**Data segment:**
'''

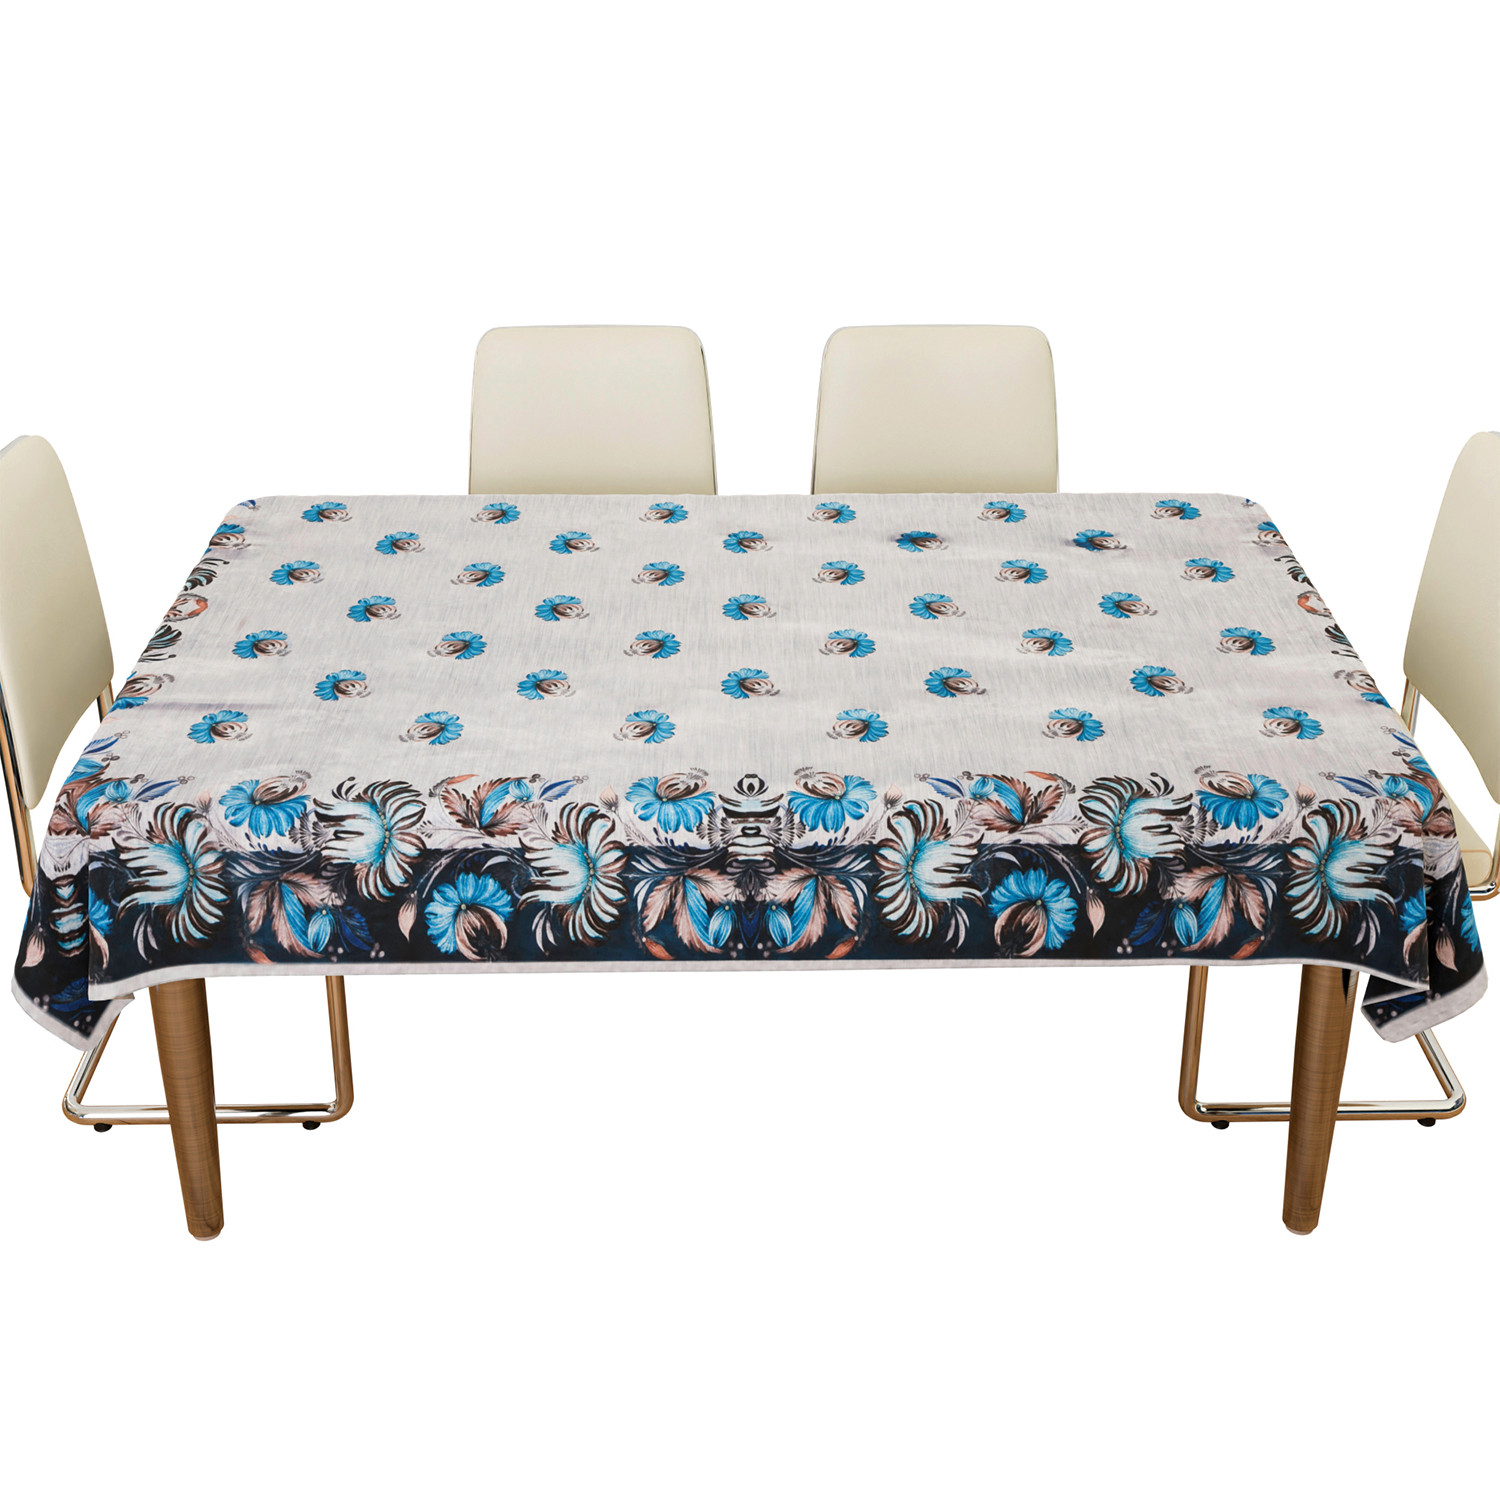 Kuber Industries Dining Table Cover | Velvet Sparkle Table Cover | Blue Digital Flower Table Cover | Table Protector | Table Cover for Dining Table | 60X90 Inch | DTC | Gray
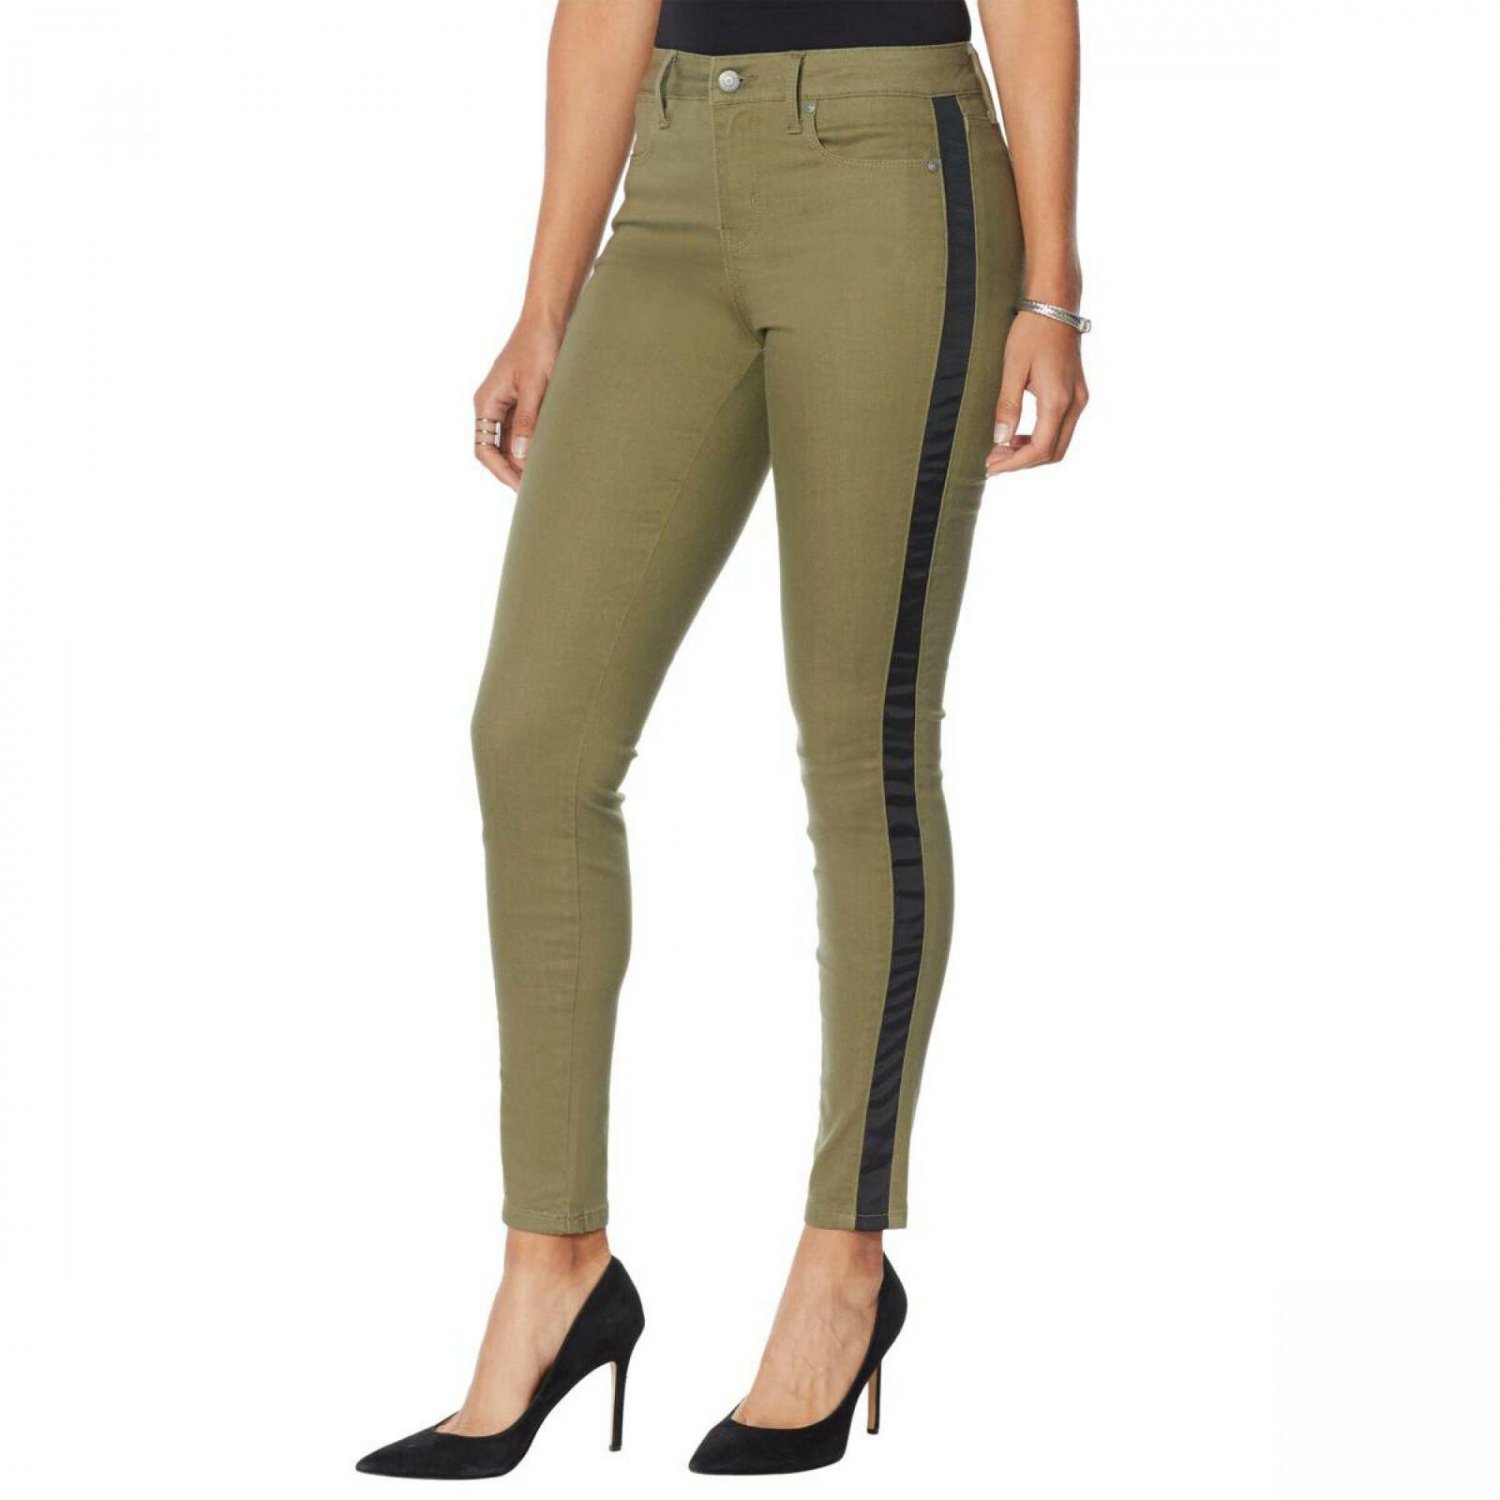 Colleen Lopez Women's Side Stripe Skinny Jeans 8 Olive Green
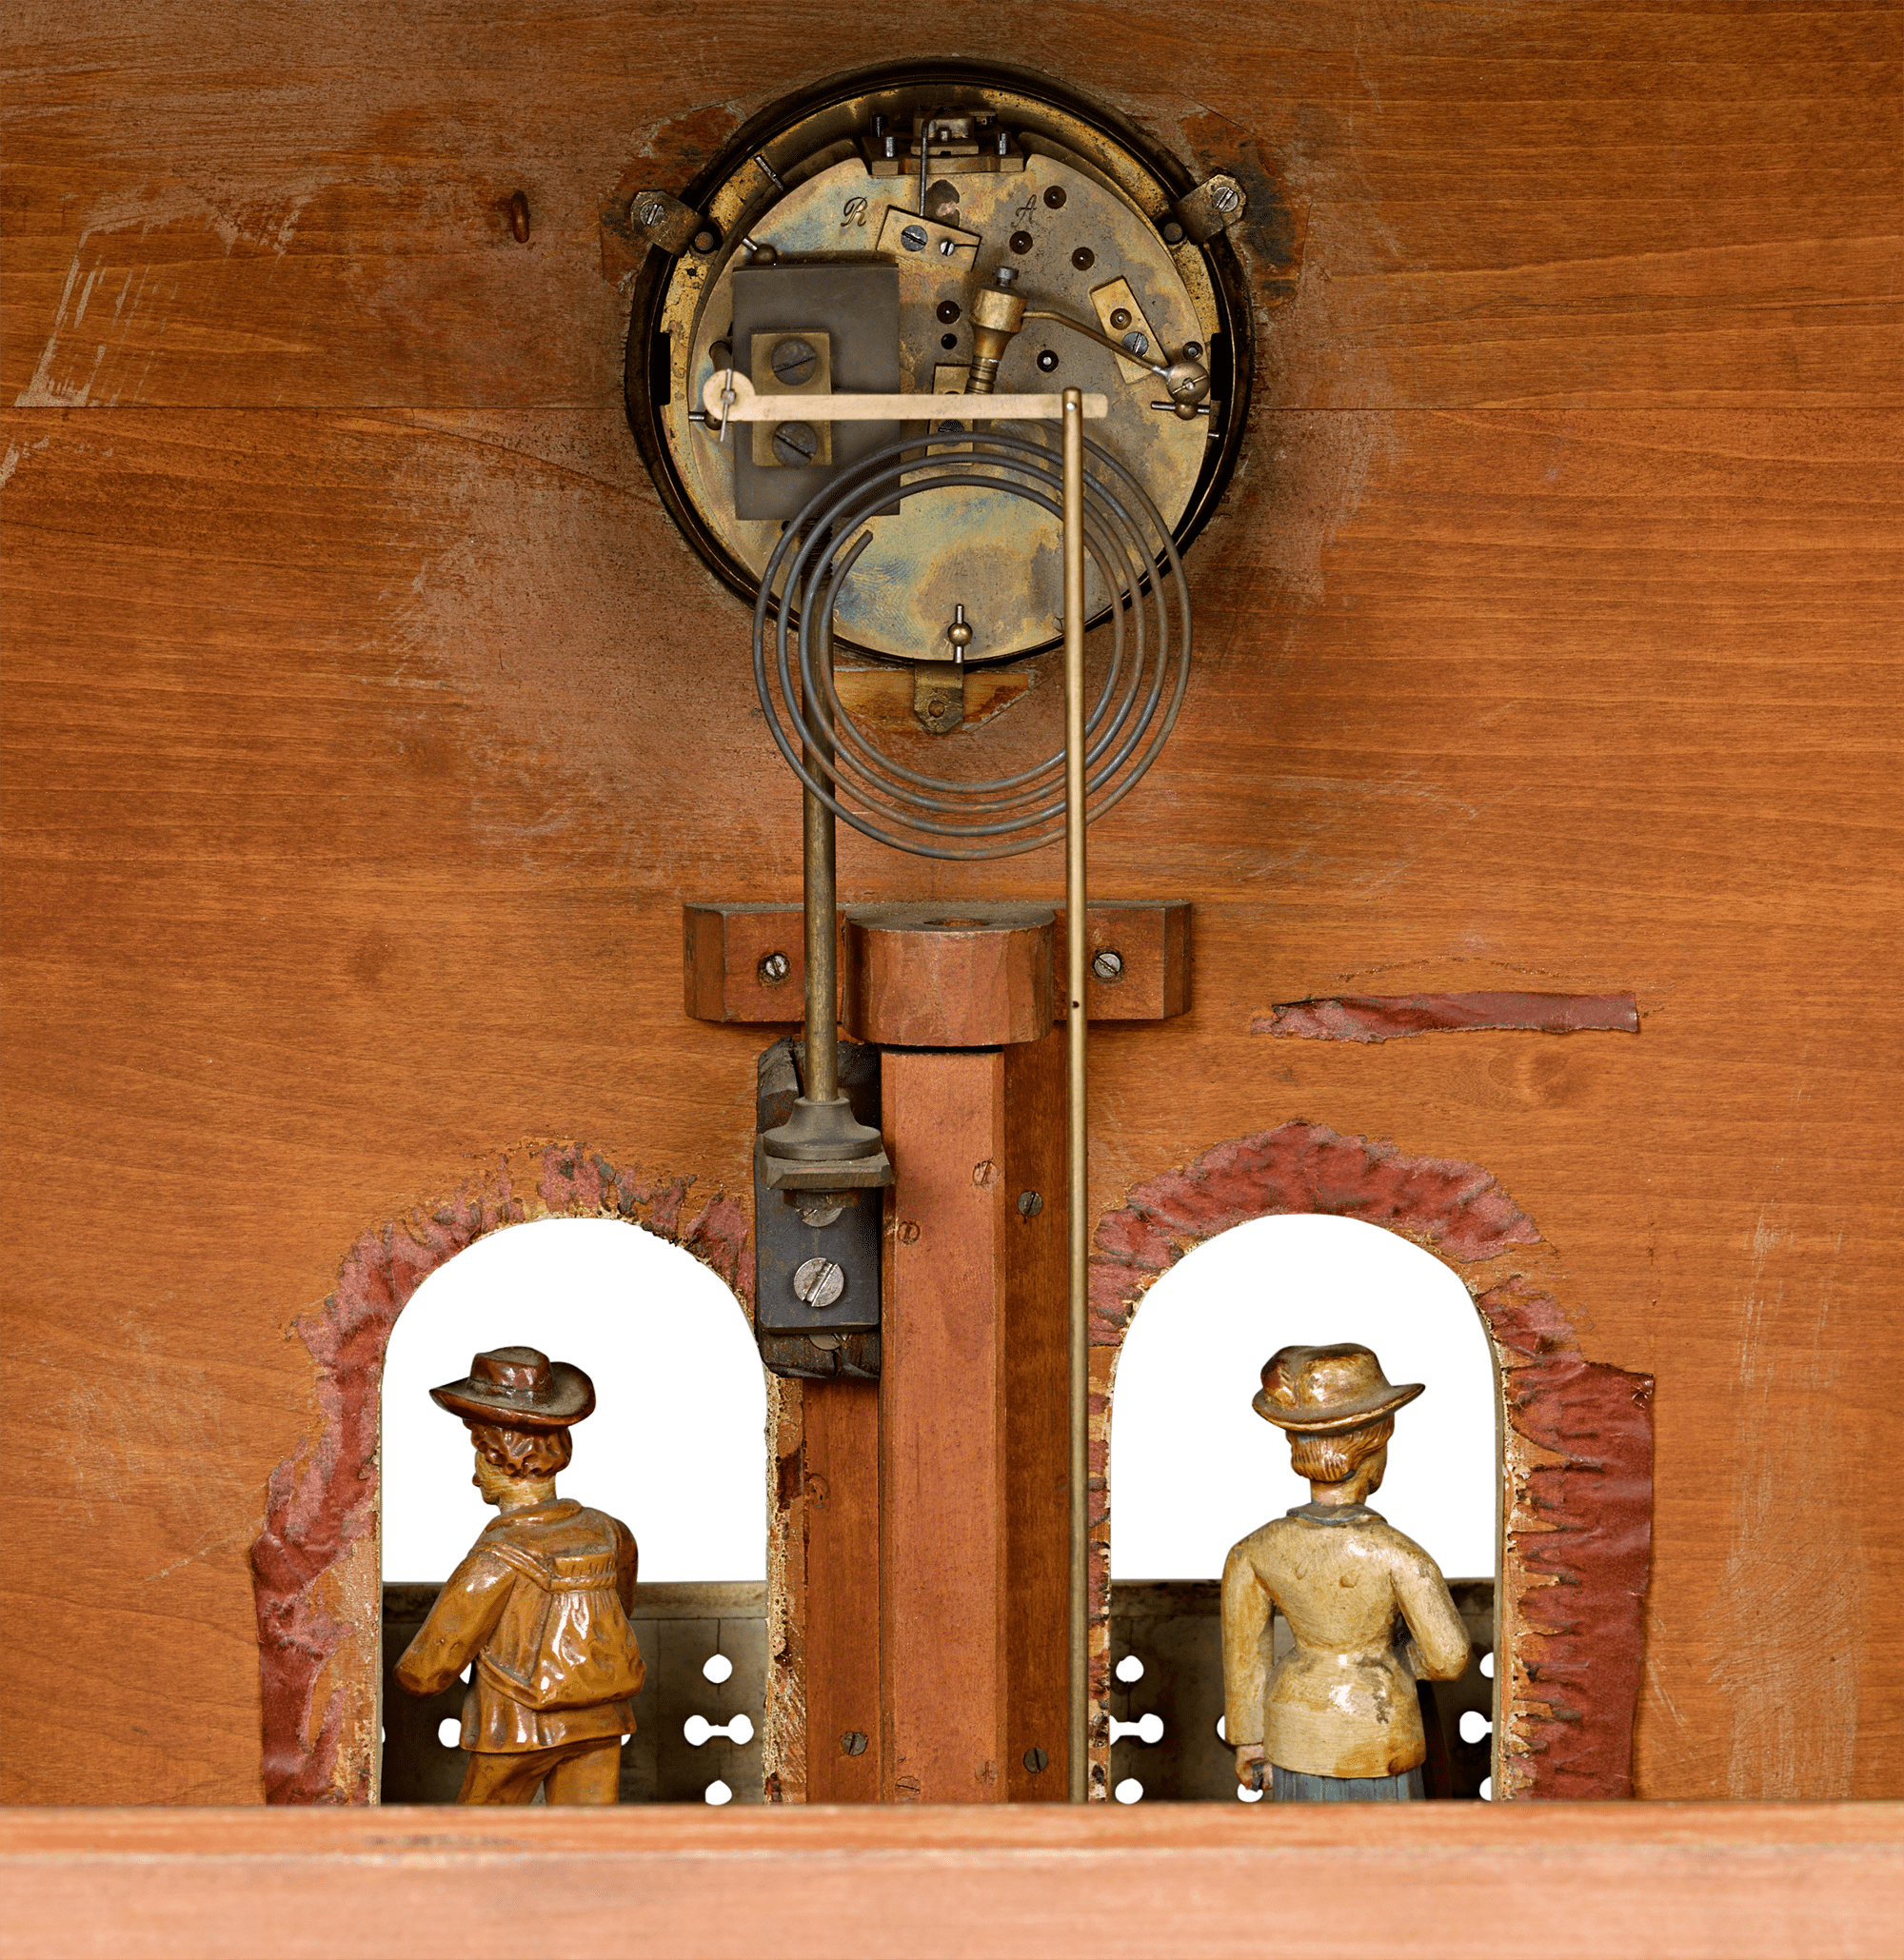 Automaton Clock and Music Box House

'''

**What you should do:** The pictures in the data should be omitted, and every remaining line set down exactly.

**Output of the exercise:**
 Kuber Industries Dining Table Cover | Velvet Sparkle Table Cover | Blue Digital Flower Table Cover | Table Protector | Table Cover for Dining Table | 60X90 Inch | DTC | Gray
 Colleen Lopez Women's Side Stripe Skinny Jeans 8 Olive Green
 Automaton Clock and Music Box House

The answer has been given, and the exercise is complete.